I want to rip my insides out. The body memories are back… 

Between the new group, added work days, recent attempts at contact from my dad’s sister, and other stressor, I’m feeling really triggered lately. 

I told Dr C. I also voiced that I was afraid she might tell me group was not a good idea, since it was contributing to the triggering. She didn’t say I’d have to leave though, so that’s good. I hope she doesn’t change her mind. Yeah, group is triggering, but it’s also nice to know some other people who can relate. I’ve never sat in a room with other people who understood (and voiced their understanding) my symptoms. They understand what it’s like to dissociate, to jump at triggers, to feel things in their bodies that were over decades ago… there’s a sad relief in knowing I’m not alone. 

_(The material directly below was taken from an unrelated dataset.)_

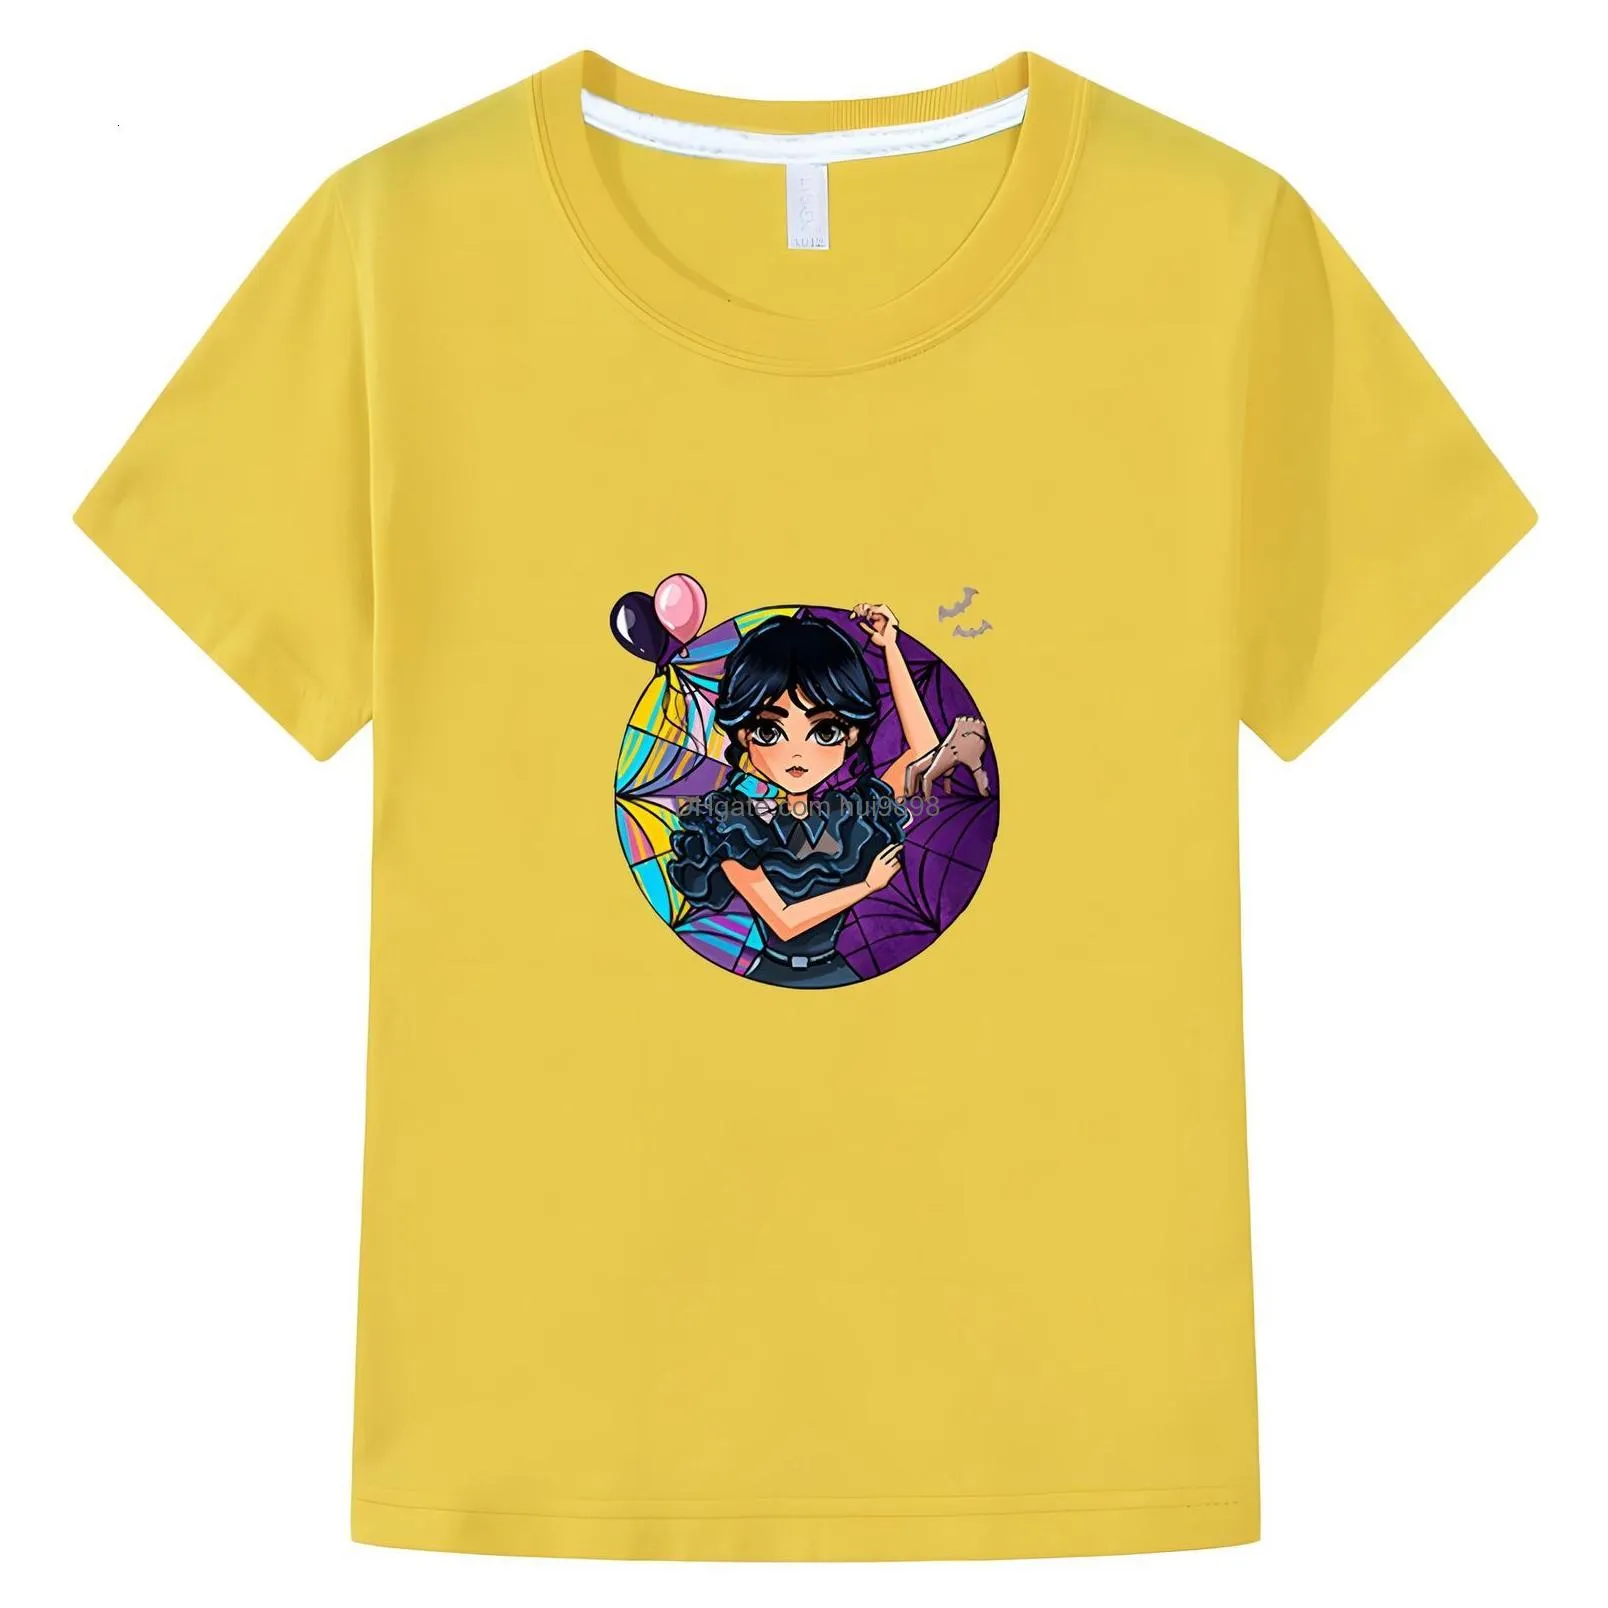 clothing sets wednesday kids anime cartoon tshirt 100cotton summer short sleeve y2k boys and girls clothes kids 230630

Sorry I haven’t been around much lately. Losing Chow has been difficult to adjust to. I’ve been withdrawing into myself, yet, paradoxically, throwing myself into things outside the home. It sounds contradictory, I know. 

I’ve been burying the emotional part of me behind a bombardment of stimuli and activities. There’s rarely a moment when I’m not desperately distracting myself.  I’ve not been doing much by way of art or writing though. It’s been mostly “mindless” stuff, like going to dinner with friends (and avoiding anything other than surface conversation), taking the dogs to the park, that kind of stuff. 

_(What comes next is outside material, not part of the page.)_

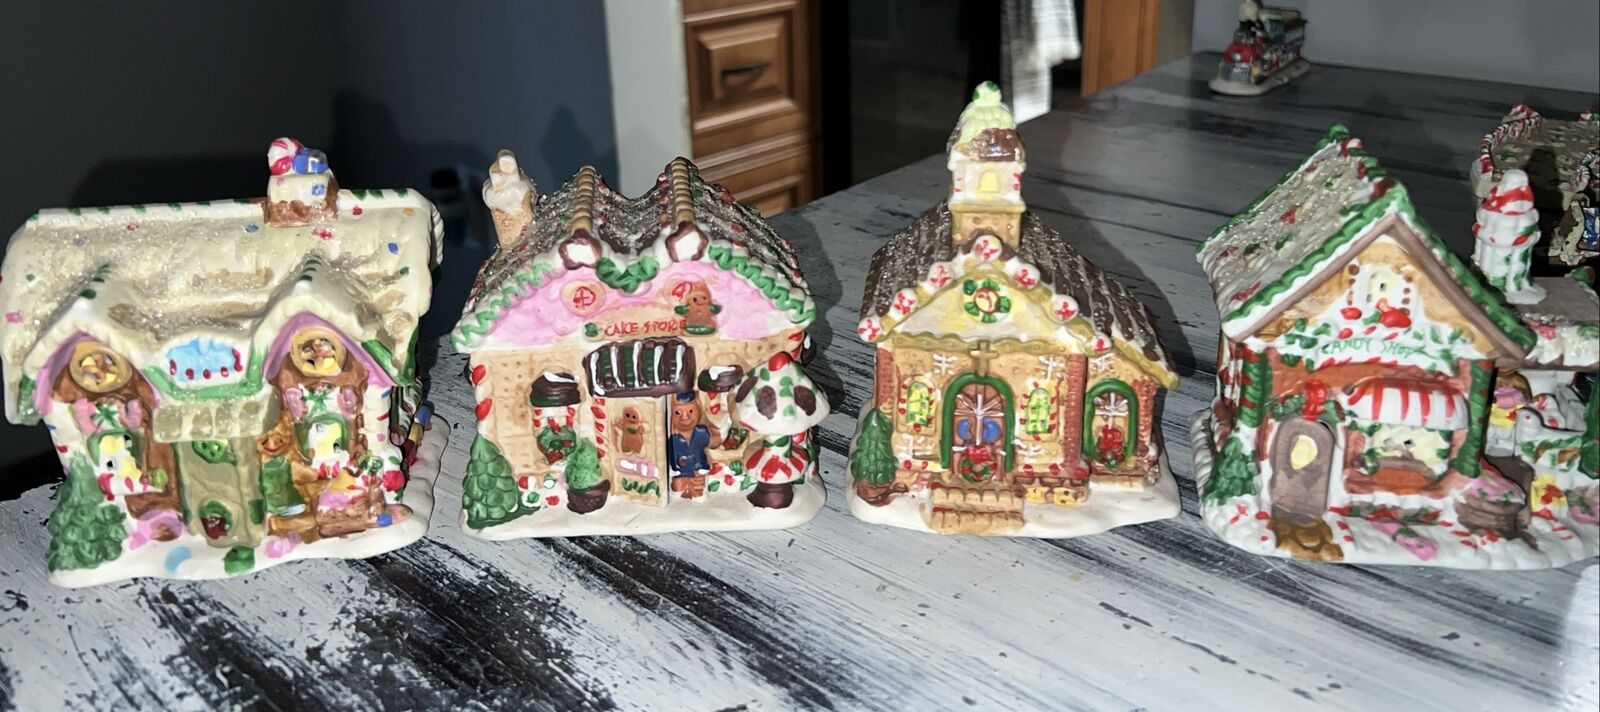 Ginger Frost Lane Holiday Christmas 2005 Gingerbread Houses Lot Of 4

I’ve even avoided taking much in therapy. At least, I have up to now. Today’s session might be different. I’ve started attending a group Dr C put together for adult survivors of [mumble, mumble, mumble]… I still cringe and have a small freak-out moment when I hear the title… we’ve met twice so far. The first one was mostly intros and basic group guidelines. The second one was a bit more topic-oriented around explaining PTSD, the symptoms, and how early abuse plays into it. I was ok for the psychoeducational piece of the group, but struggled to stay present when it turned more into talking about the effects on a personal level. 

I think part of my problem with that comes from the walls I’ve put up around the abuse “memories”. I know I was totally convinced at one point that what I was feeling and experiencing were true, but I’ve detached from that the last several weeks. This last group started stirring things below the surface but they still remain below the surface. 

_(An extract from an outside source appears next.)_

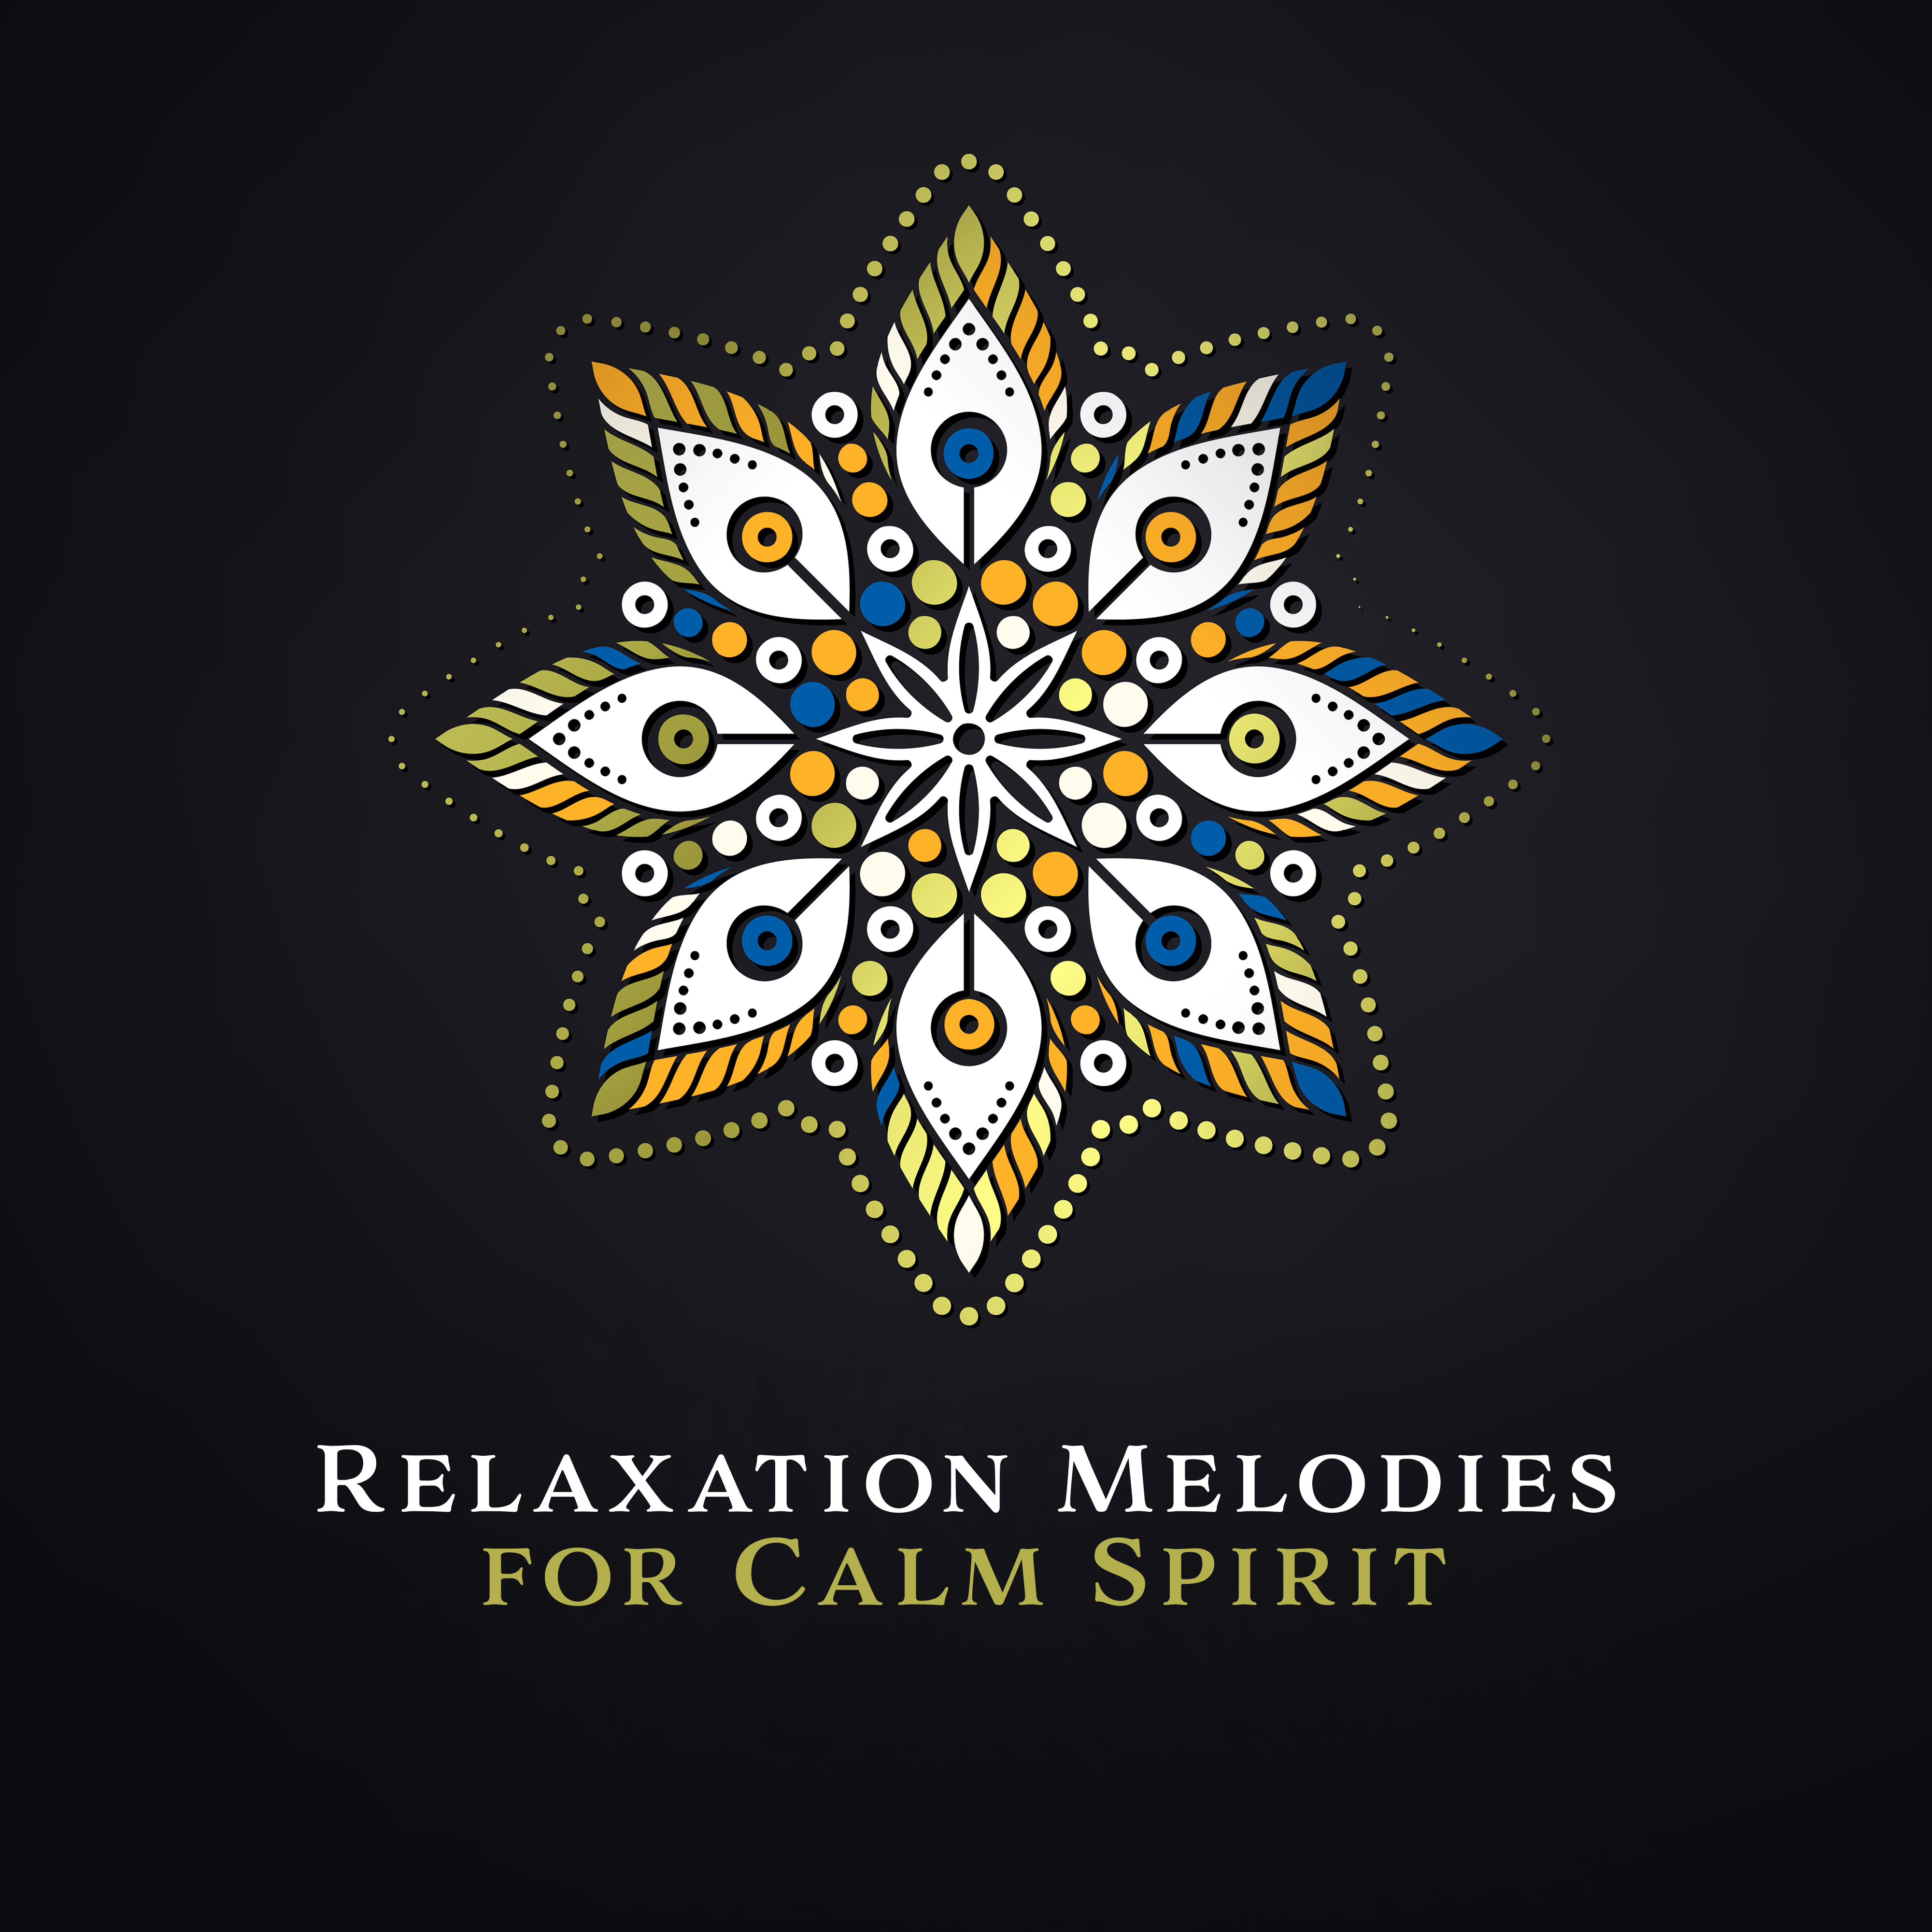 Relaxation Melodies for Calm Spirit

I dunno. On the one hand, it’s a huge relief to have people that seem to struggle with similar symptoms and experiences. On the other hand, I feel like an interloper. They all seem to know what happened to them, and to connect with it. I’m here still trying to remember what the hell it was that came at me in those flashbacks. I know I struggled a lot with them, but they feel foreign to me at this time. It’s like I watched a movie a long time ago, and can kinda remember the plot, but have no idea of the details. And i’m certainly not connecting to it emotionally…


Mandatory distraction can be good

Thursday’s appointment with my doctor was super triggering. Not only did it bring up the distant past, but it brought up the events of 5 years ago.

I had hoped to have individual therapy after the appointment, but Dr C had asked if I was ok moving group to the later time (since I would have missed group for the doctor’s appointment). I agreed to making that individual slot group instead. I regretted it almost immediately, but I had already agreed, so I wasn’t going to reneg…

I’m glad I at least had group. Between group and the triggering appointment, I had asked Dr C if she had additional individual time that day. She didn’t, but suggested I try to talk in group. I wasn’t at all sure I would know how to make what I needed to process group-appropriate, but Dr C managed to lead me there. It helped being able to be a bit more open, though I felt bad for being so self-absorbed during group…

Anyway, today was more distraction: a former college roommate is visiting from another part of the country. We’ve been hanging out quite a bit. It’s nice to have someone around during the day. She gets the depression piece intimately. We don’t talk too much about it, but it’s nice to have someone other than L with whom I can be honest.  She’s also an awesome motivator to get moving. We ended up walking just over 5 miles today with the dogs. I have not done anything like that since several weeks (if not months) before the move. It was good to get out, even if it reminded me exactly how out-of-shape I am…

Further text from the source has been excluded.